BEGIN

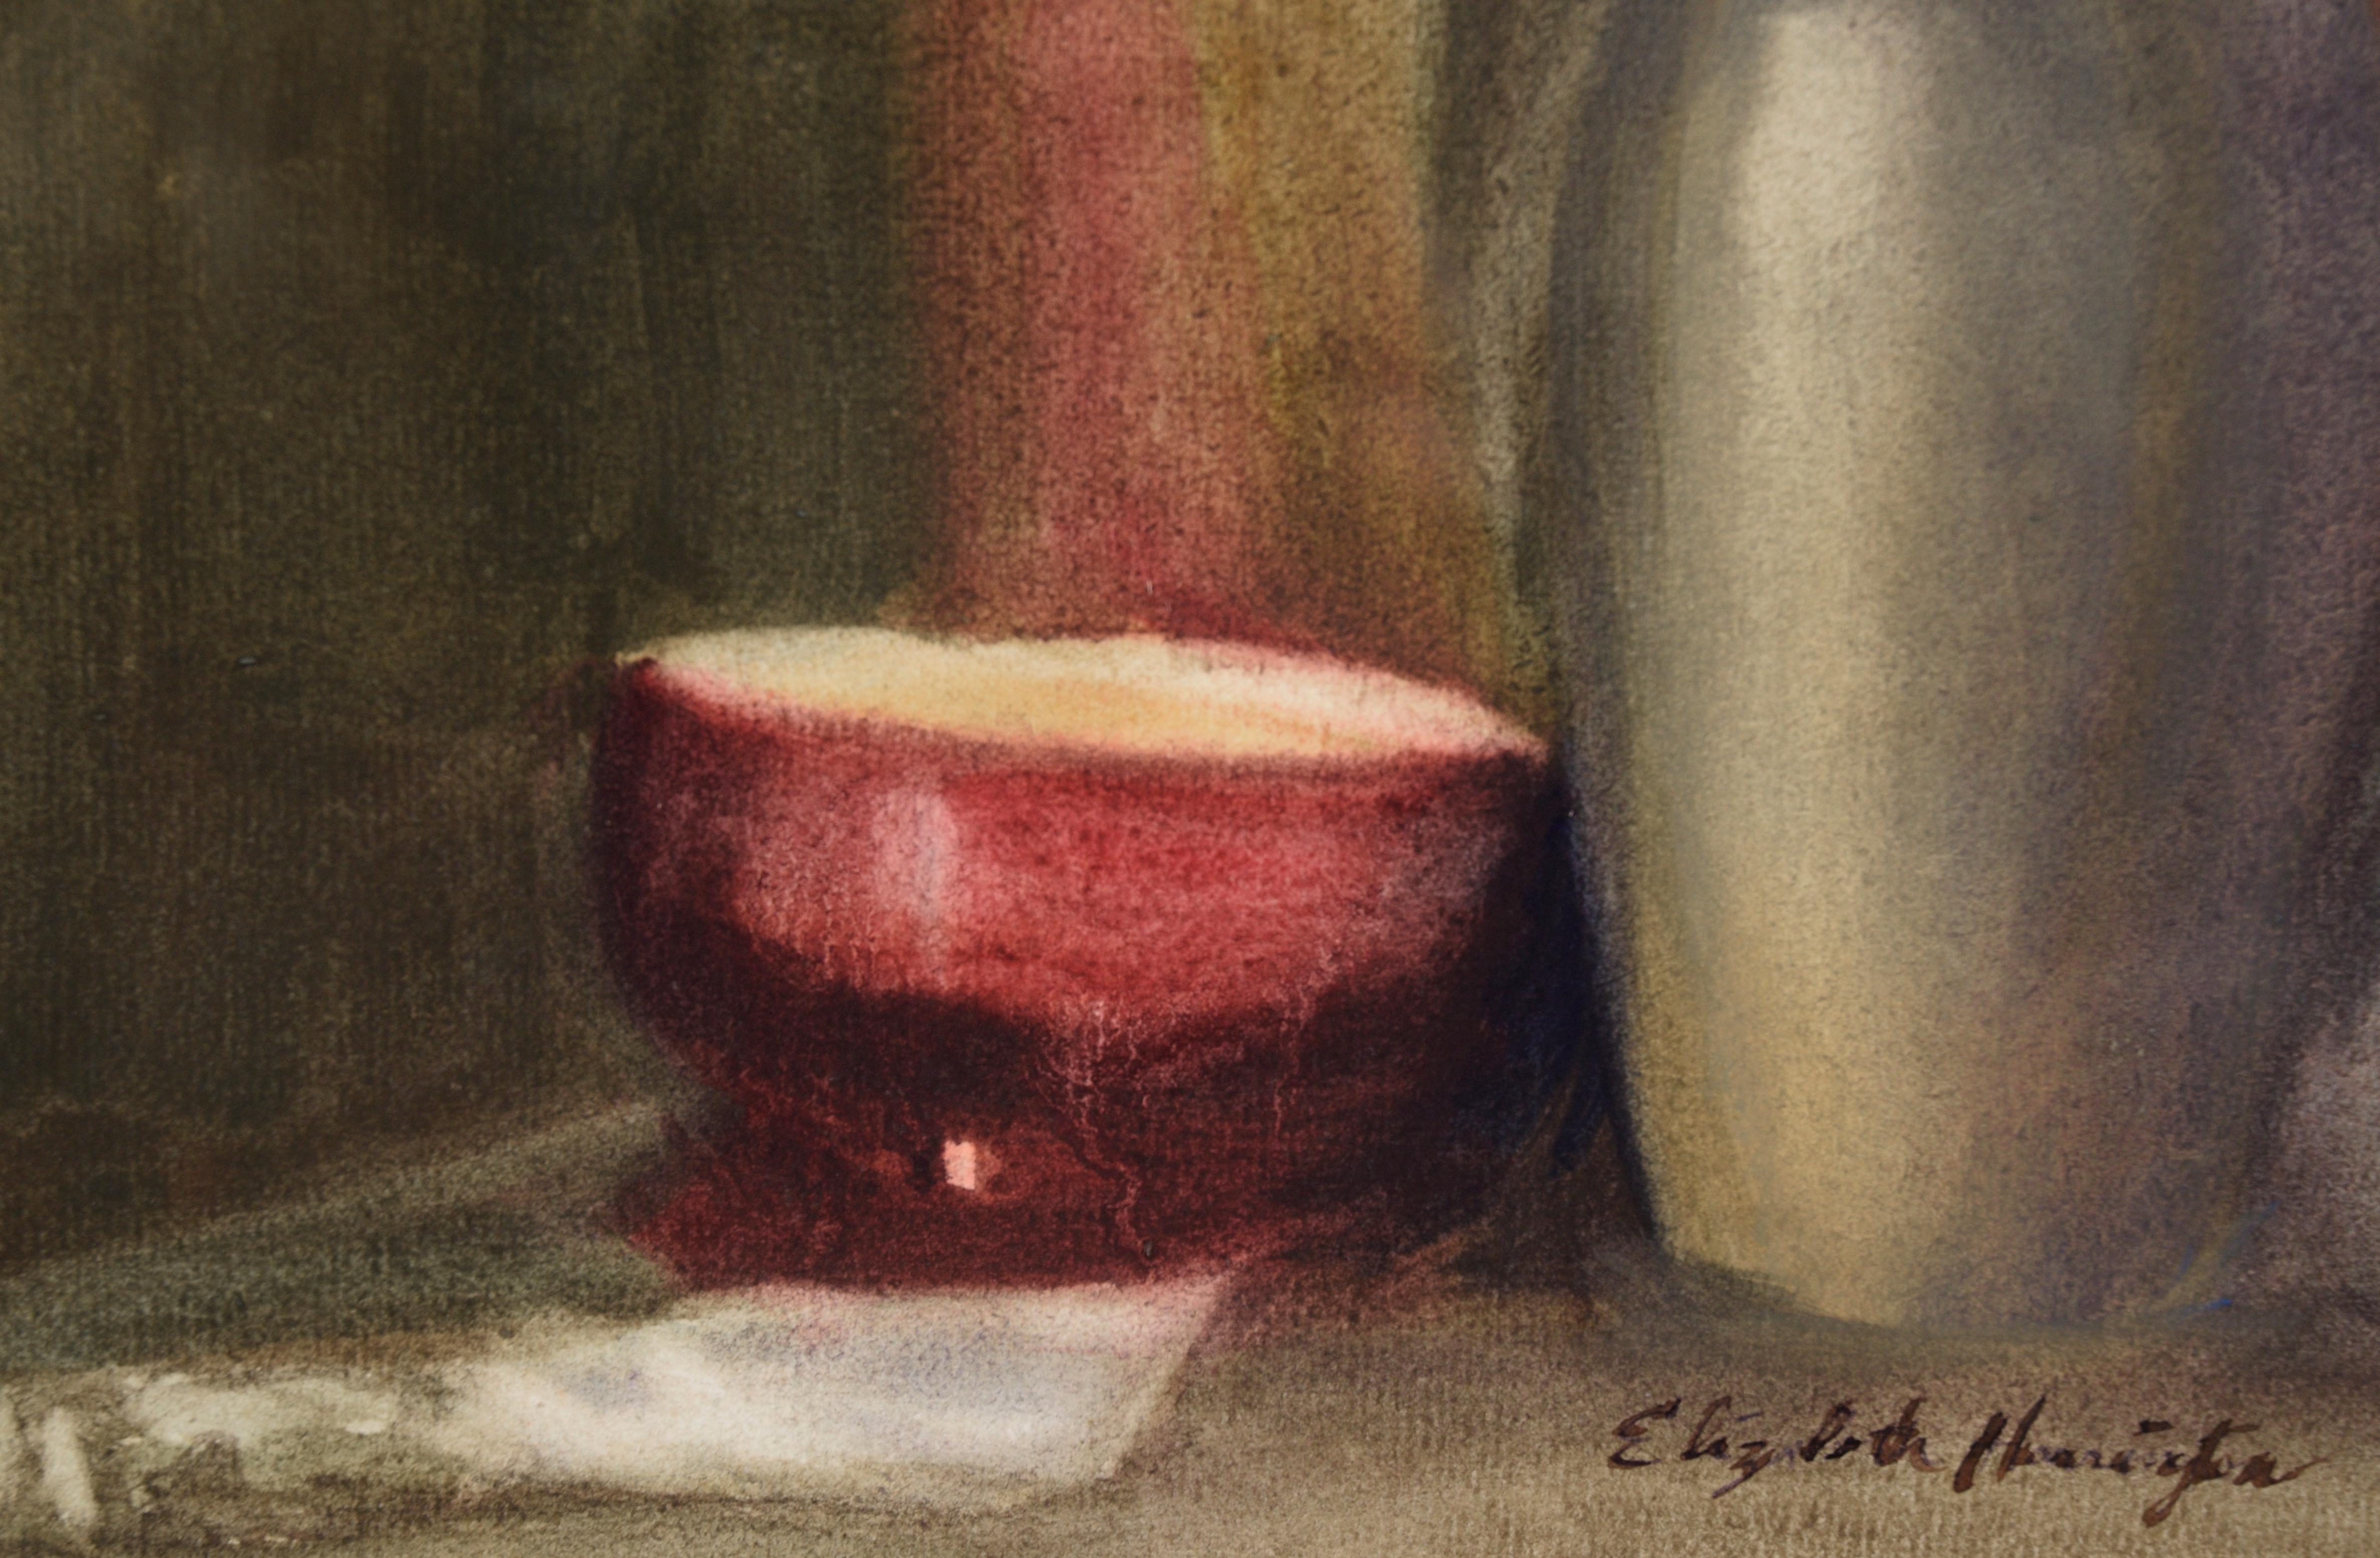 Sumi-e Brushes and Bowl - Still Life by Elizabeth Harrington - American Impressionist Art by Elizabeth 
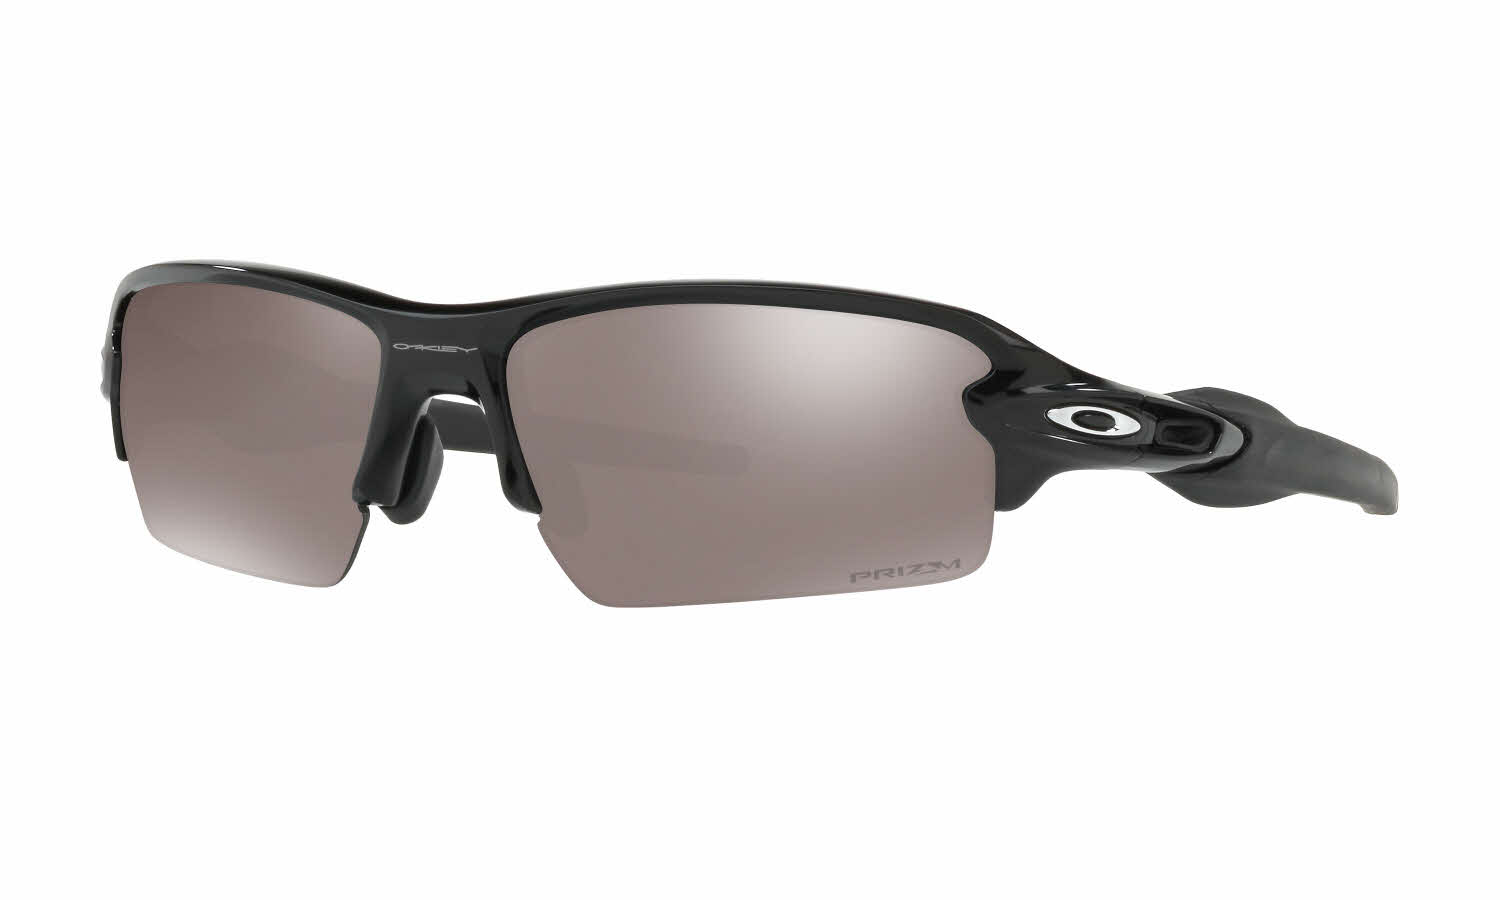 Polarized Half Frame Sunglasses For Men And Women OO9271 Designer
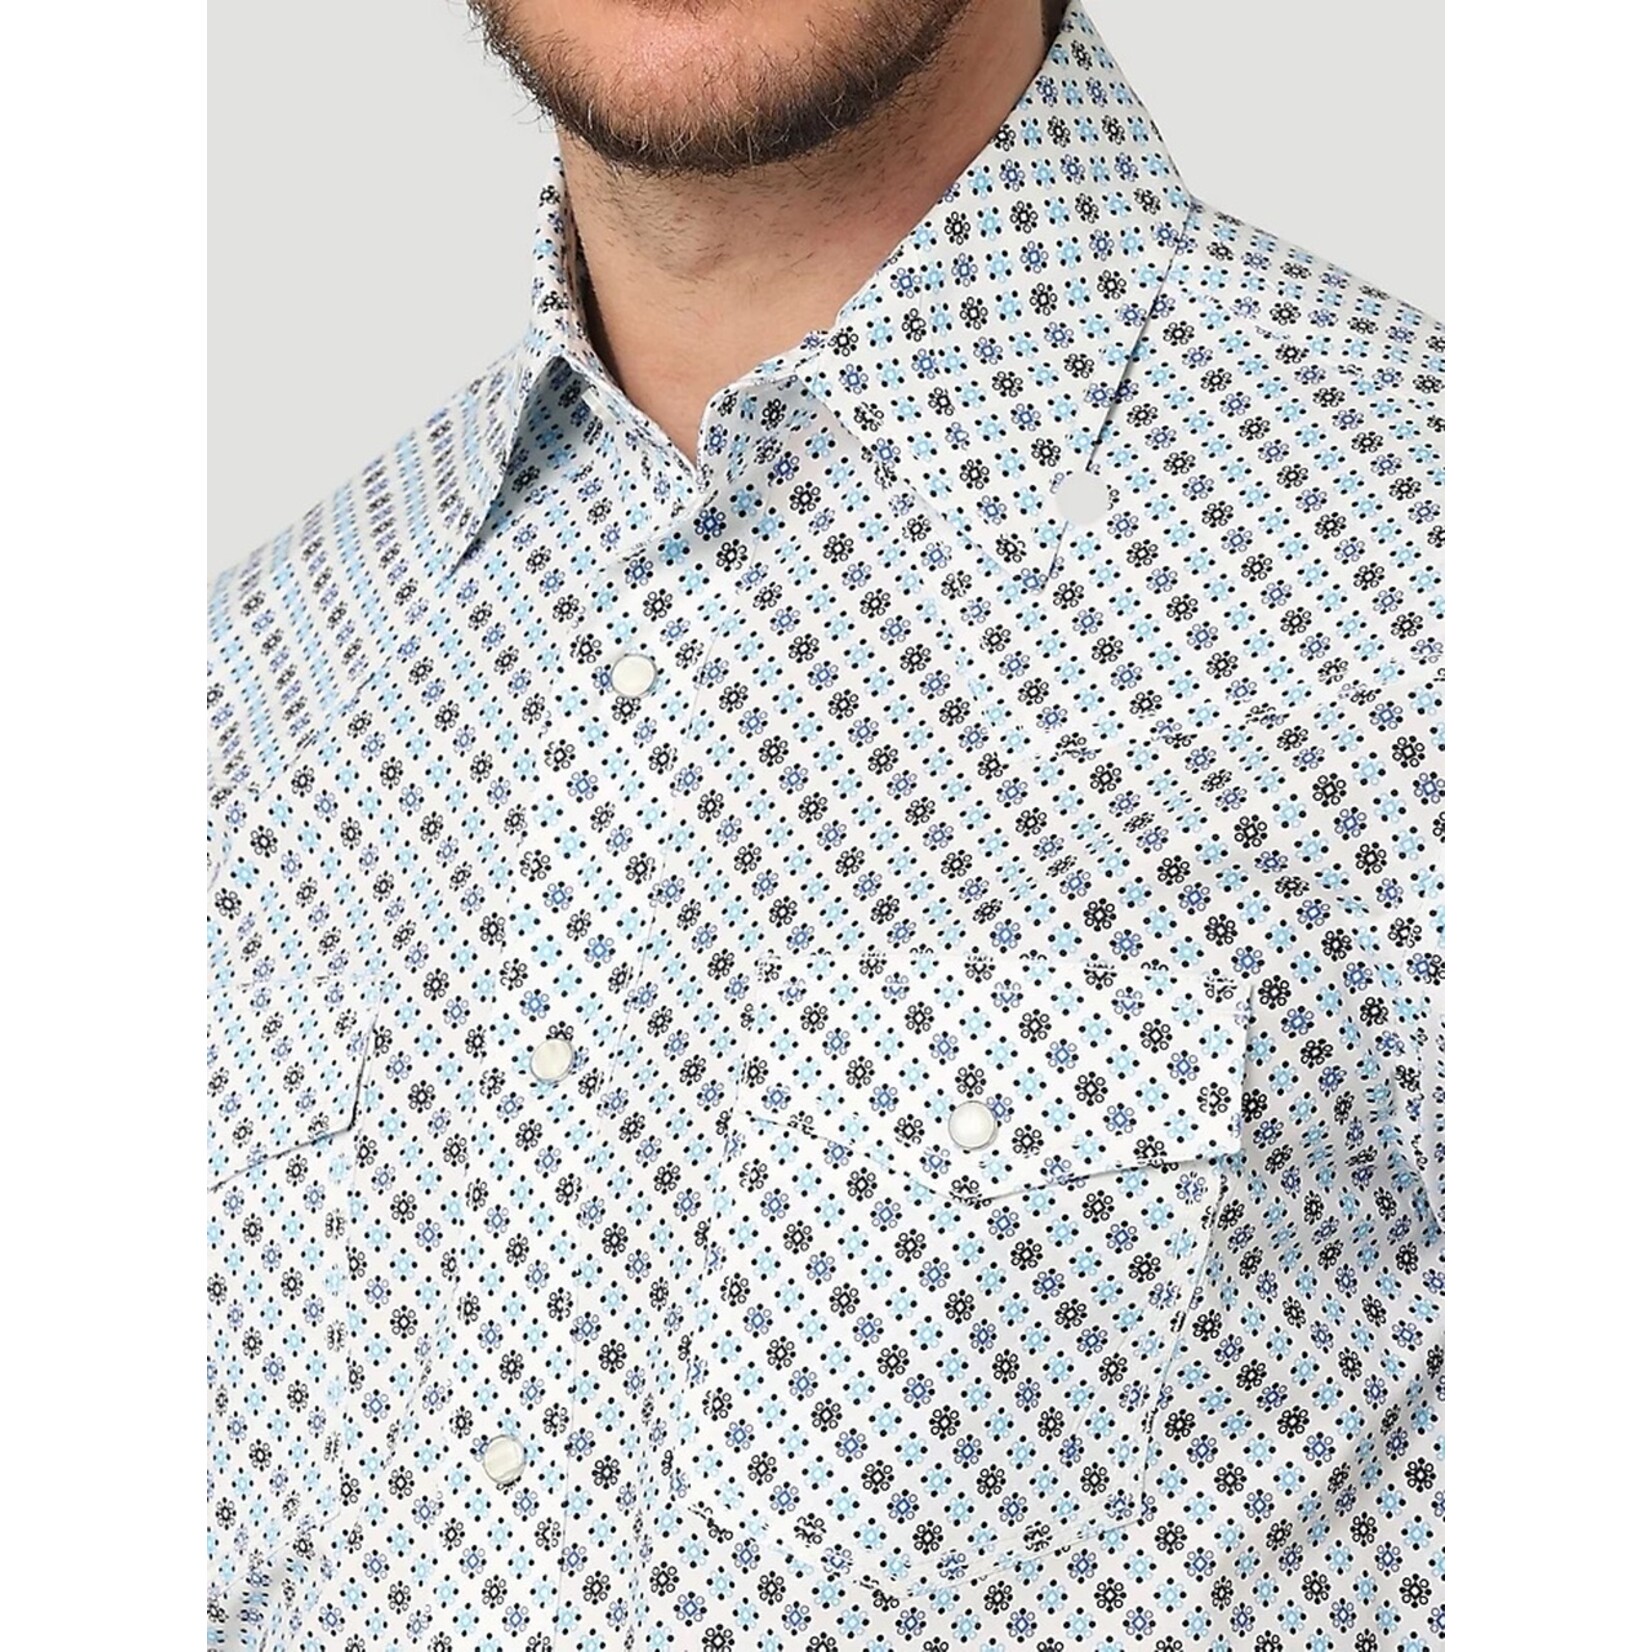 Wrangler Wrangler - Men's 20X AC Short Sleeve Shirt - 112314978

END

What is needed:
Set the pictures aside and transcribe the data above exactly.

Task answer:
 Sumi-e Brushes and Bowl - Still Life by Elizabeth Harrington - American Impressionist Art by Elizabeth 
 Polarized Half Frame Sunglasses For Men And Women OO9271 Designer
 Wrangler Wrangler - Men's 20X AC Short Sleeve Shirt - 112314978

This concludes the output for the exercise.